Au fil des années, les créateurs de mode se sont inspirés de Burri, de Roberto Capucci, avec son vêtement Omaggio a Burri de 1969 aux traits asymétriques recréant les effets Cretti, jusqu’à Laura Biagiotti pour sa (dernière) collection 2017.

En 1987, Burri a créé les affiches officielles de la Coupe du Monde de la FIFA 1990. Le festival de jazz de l’Ombrie a utilisé la série Sestante pour l’affiche de l’édition 2015, célébrant le centenaire de la naissance de l’artiste.

Musée du XXe siècle à Milan
Le Museo del Novecento de Milan est une exposition permanente d’œuvres d’art du XXe siècle logées dans le Palazzo dell’Arengario et le Palais Royal adjacent à Milan. Le musée a absorbé les collections du précédent Musée civique d’art contemporain (CIMAC) qui était situé au deuxième étage du Palais Royal et qui a été fermé en 1998.

Le Museo del Novecento, situé à l’intérieur du Palazzo dell’Arengario sur la Piazza del Duomo, abrite une collection de plus de quatre mille œuvres qui catalysent le développement de l’art italien du XXe siècle.

Le Museo del Novecento a été créé le 6 décembre 2010 dans le but de diffuser la connaissance de l’art du XXe siècle et d’offrir un aperçu plus complet des collections dont la ville de Milan a hérité au fil du temps.

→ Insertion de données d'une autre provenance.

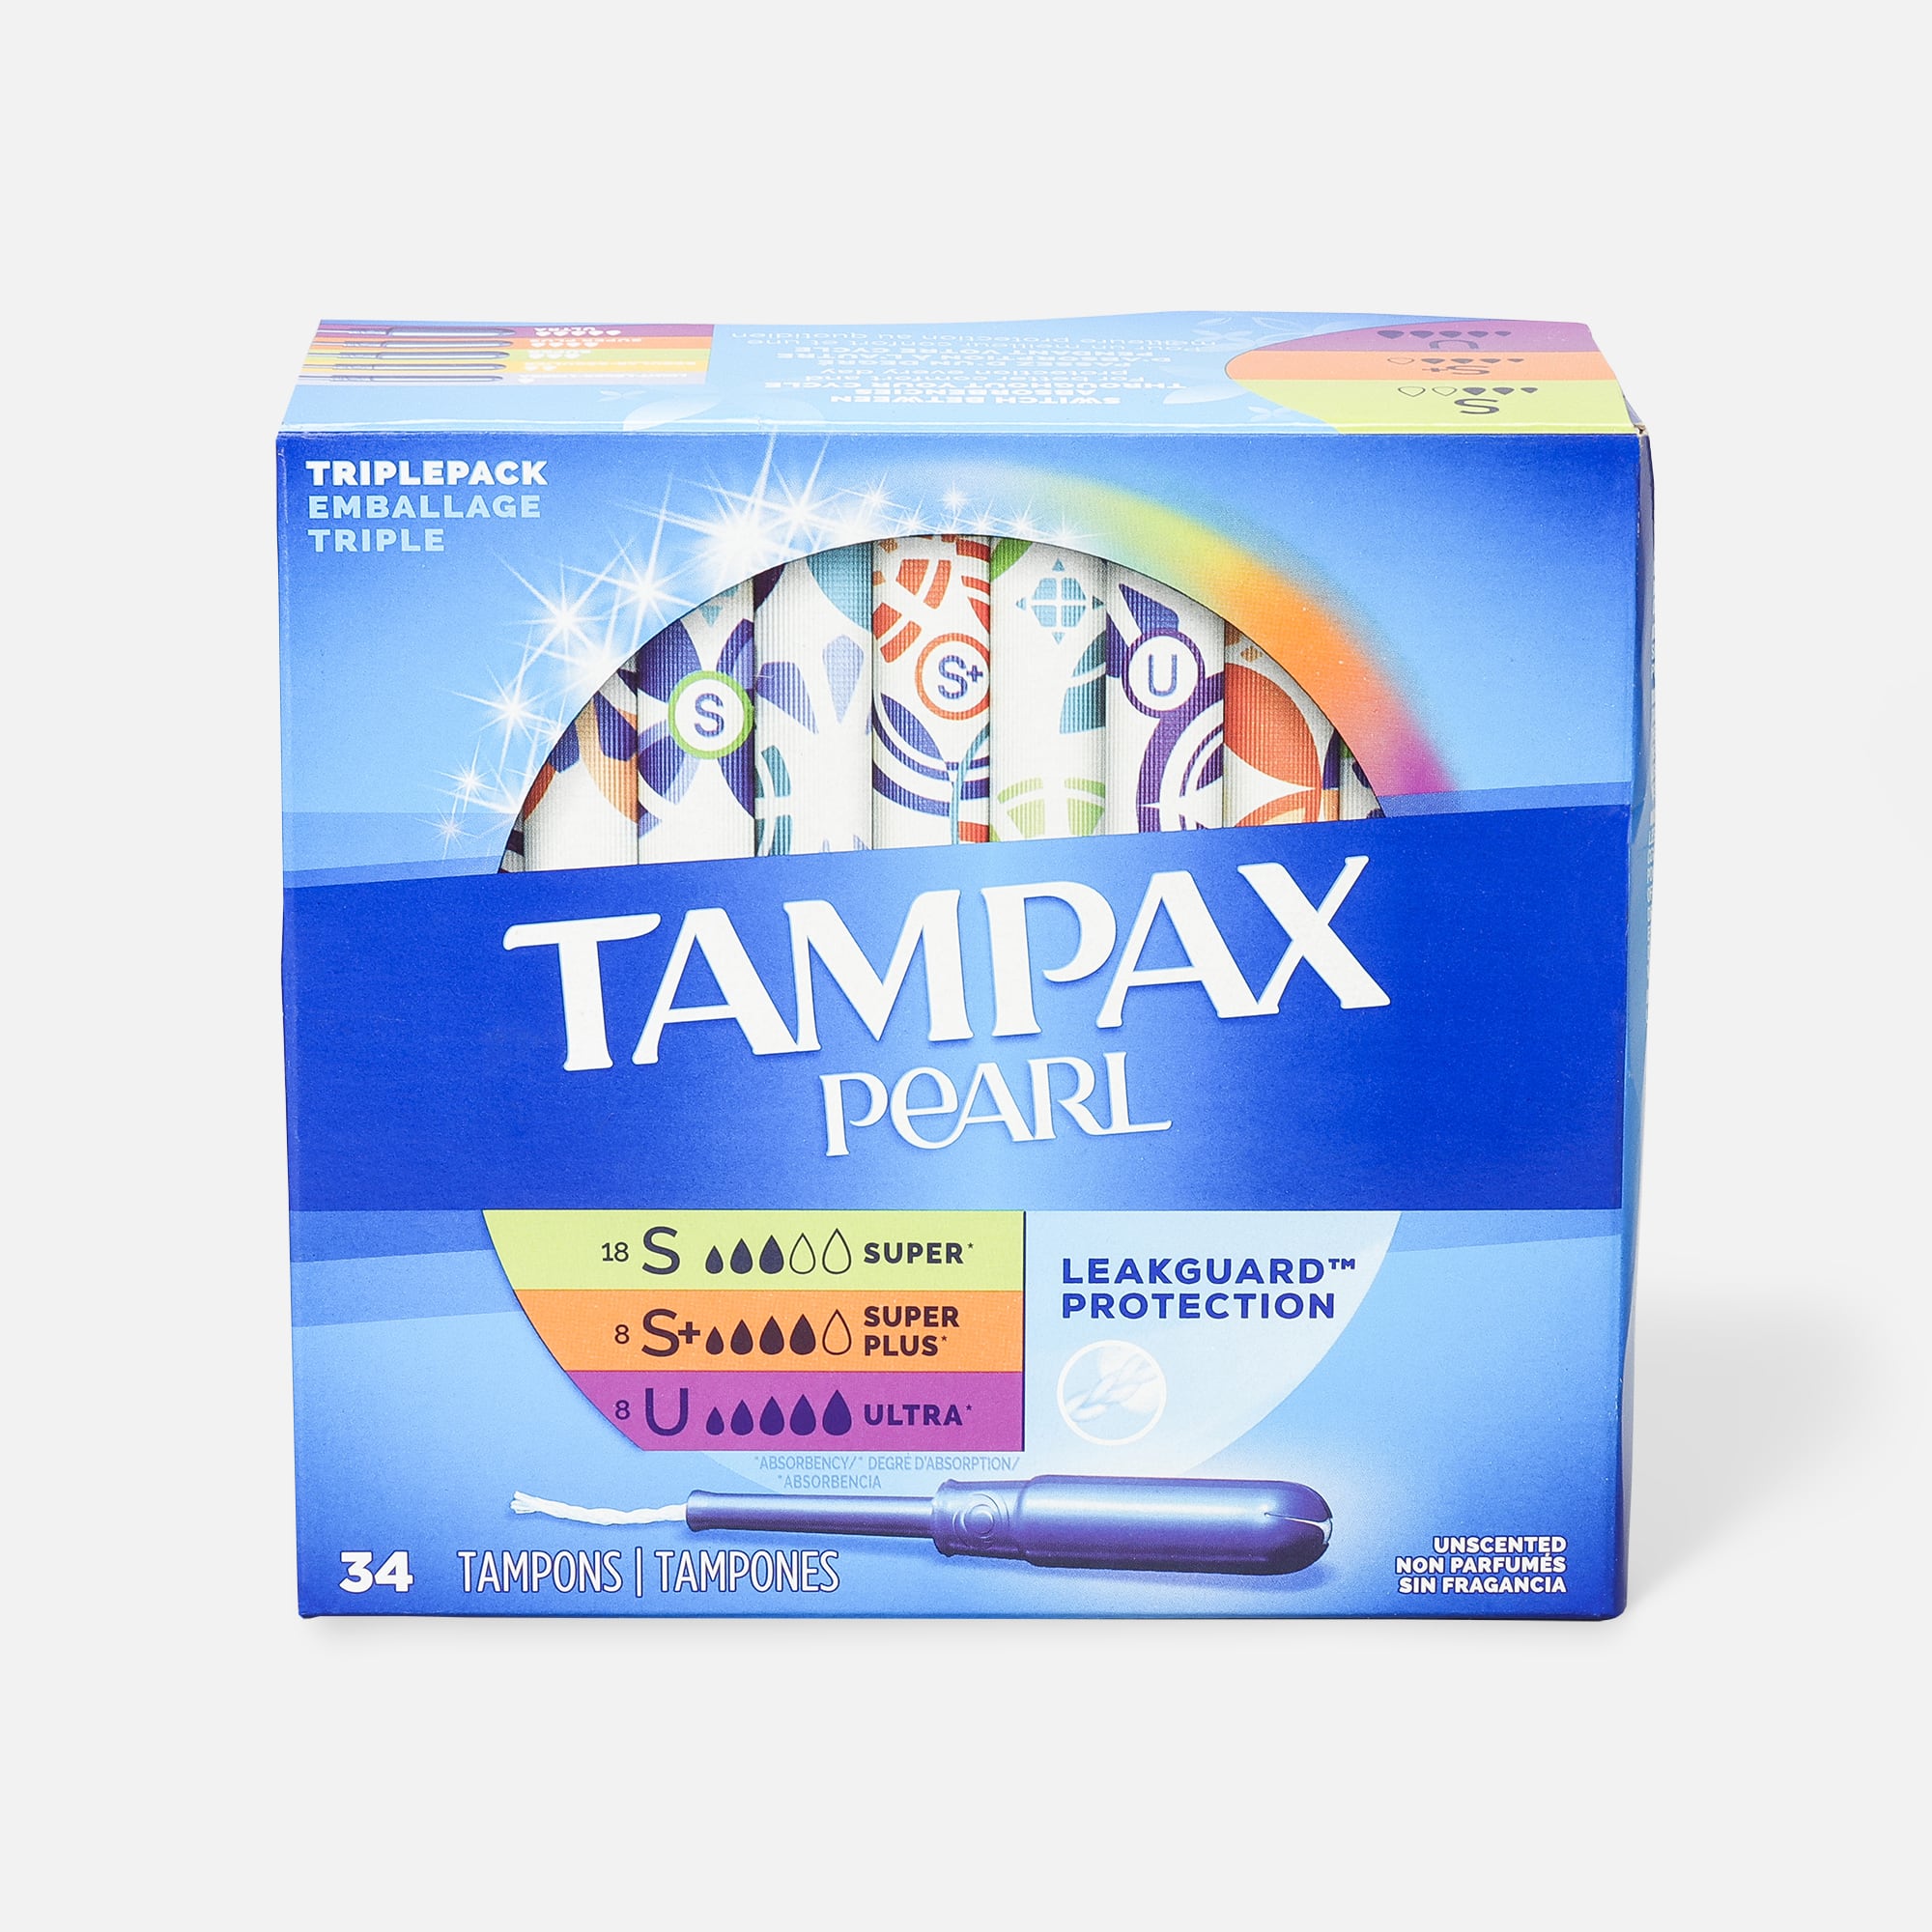 Tampax Pearl Triple Pack Tampons Regular Super & Super Plus

En plus de son activité principale d’exposition, le Musée est actif dans la conservation, la recherche et la promotion du patrimoine culturel et artistique italien du 20e siècle dans le but final d’atteindre un public toujours plus large.

Hormis une seule pièce abritant des œuvres d’artistes étrangers dont Braque, Kandinsky, Klee, Léger, Matisse, Mondrian et Picasso, la majorité des œuvres exposées au musée sont des artistes italiens. Une section importante est consacrée aux futuristes italiens, avec des œuvres de Giacomo Balla, Umberto Boccioni, Carlo Carrà, Fortunato Depero, Luigi Russolo, Gino Severini, Mario Sironi et Ardengo Soffici. La grande toile Il Quarto Stato de Giuseppe Pellizza da Volpedo (1902) est également exposée dans une pièce à part entière.

D’autres sections du musée sont dédiées à des artistes individuels tels que Giorgio de Chirico, Lucio Fontana et Morandi. Il existe également des sections consacrées aux mouvements artistiques du XXe siècle, notamment l’abstractionnisme, l’Arte Povera, le Novecento Italiano, le post-impressionnisme et le réalisme, ainsi qu’à des genres tels que le paysage et l’art monumental.